Automatic identification and data capture (AIDC) refers to the methods of automatically identifying objects, collecting data about them, and entering them directly into computer systems, without human involvement. Technologies typically considered as part of AIDC include QR codes,[1] bar codes, radio frequency identification (RFID), biometrics (like iris and facial recognition system), magnetic stripes, optical character recognition (OCR), smart cards, and voice recognition. AIDC is also commonly referred to as “Automatic Identification”, “Auto-ID” and “Automatic Data Capture”.[2]

AIDC is the process or means of obtaining external data, particularly through analysis of images, sounds or videos. To capture data, a transducer is employed which converts the actual image or a sound into a digital file. The file is then stored and at a later time it can be analyzed by a computer, or compared with other files in a database to verify identity or to provide authorization to enter a secured system.

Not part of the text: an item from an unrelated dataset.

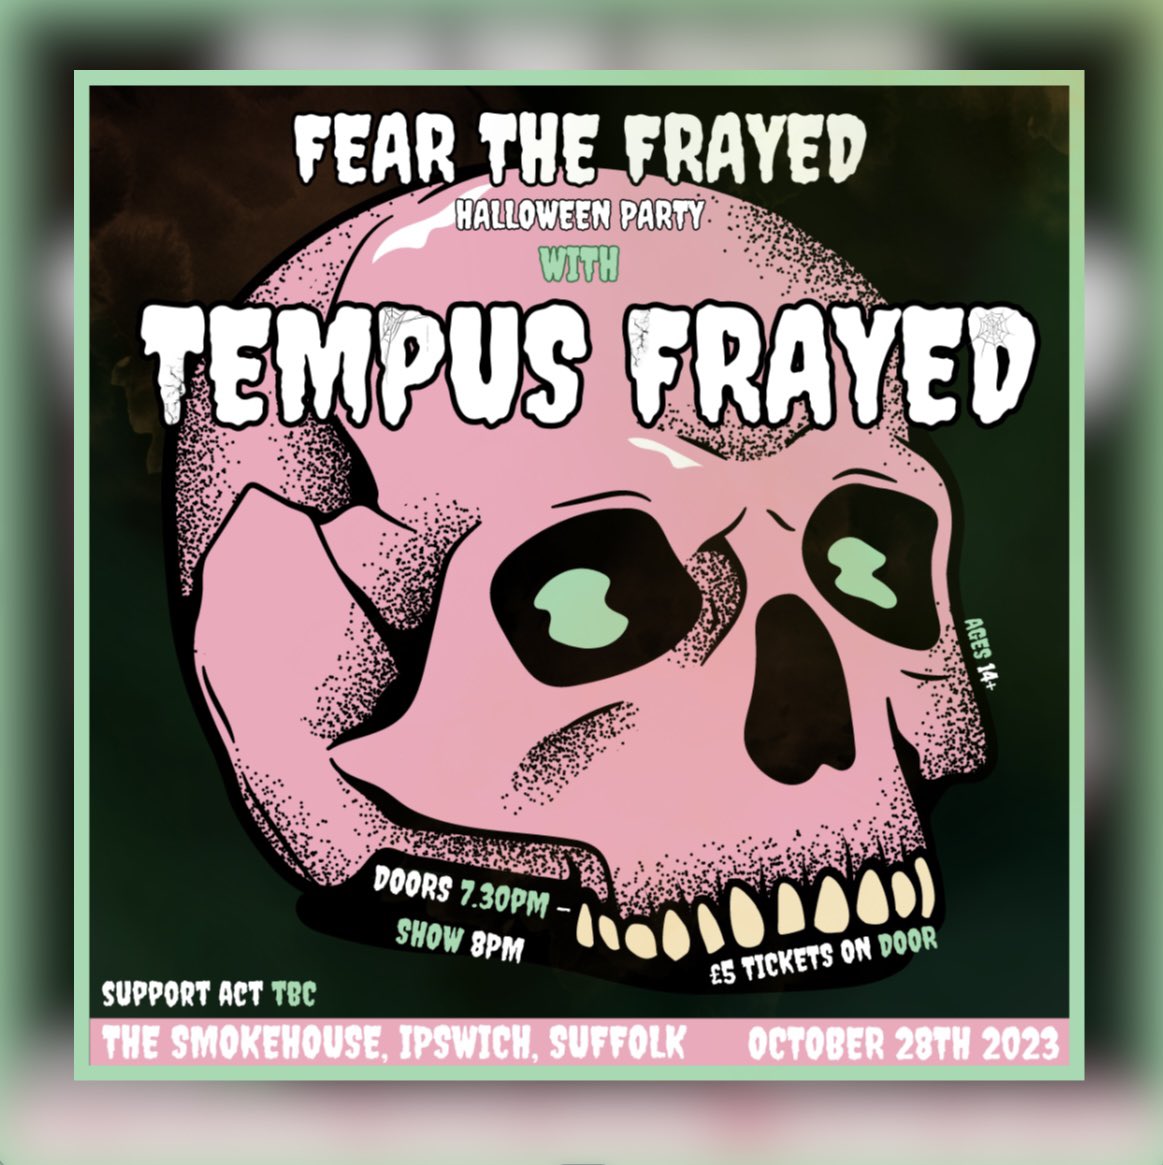 YOUR HALLOWEEN JUST GOT BUSY!🎃 If you want a rocking Halloween then this is the event for you! 💀👻 We look forward to seeing you all there for a night of Drinks, Rock n Roll, Spookiness and optional fancy dress😜 Fear The Frayed 🖤 £5 OTD Age 14+ Support act TBC
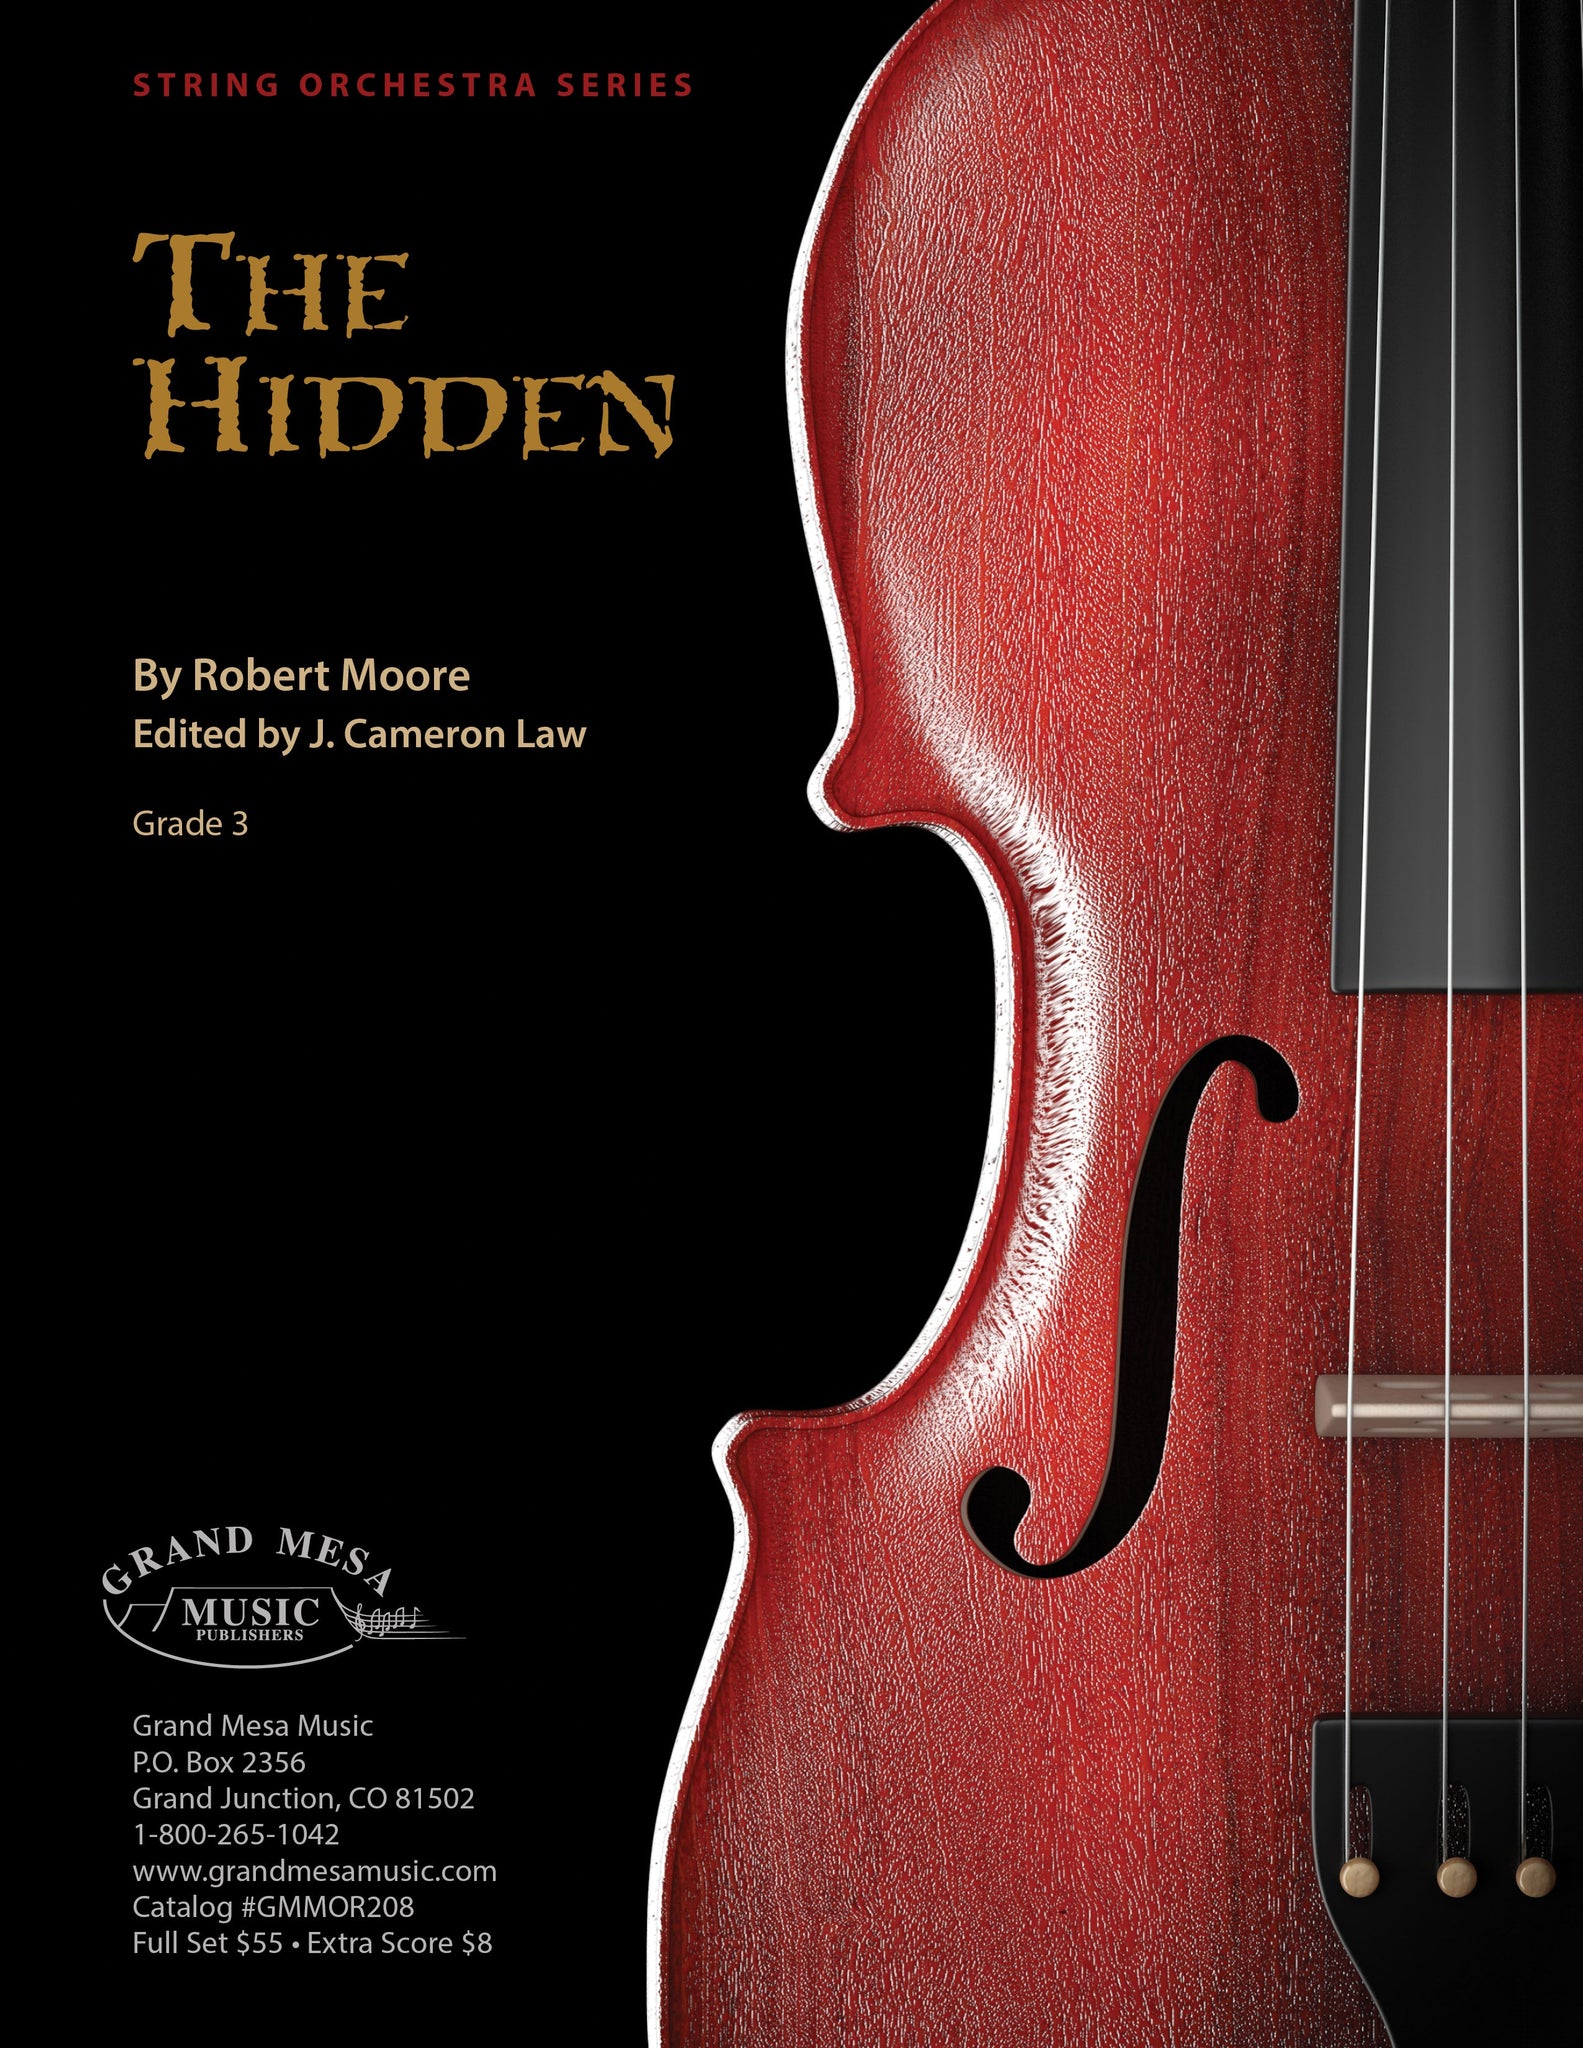 Strings sheet music cover of The Hidden, composed by Robert Moore.

Capturing of data can be done in various ways; the best method depends on application.

In biometric security systems, capture is the acquisition of or the process of acquiring and identifying characteristics such as finger image, palm image, facial image, iris print or voice print which involves audio data and the rest all involves video data.

Radio-frequency identification is relatively a new AIDC technology which was first developed in 1980s. The technology acts as a base in automated data collection, identification and analysis systems worldwide. RFID has found its importance in a wide range of markets, including livestock identification and Automated Vehicle Identification (AVI) systems because of its capability to track moving objects. These automated wireless AIDC systems are effective in manufacturing environments where barcode labels could not survive.

Data collection system (DCS) is a computer application that facilitates the process of data collection, allowing specific, structured information to be gathered in a systematic fashion, subsequently enabling data analysis to be performed on the information.[1][2][3] Typically a DCS displays a form that accepts data input from a user and then validates that input prior to committing the data to persistent storage such as a database.

Many computer systems implement data entry forms, but data collection systems tend to be more complex, with possibly many related forms containing detailed user input fields, data validations, and navigation links among the forms.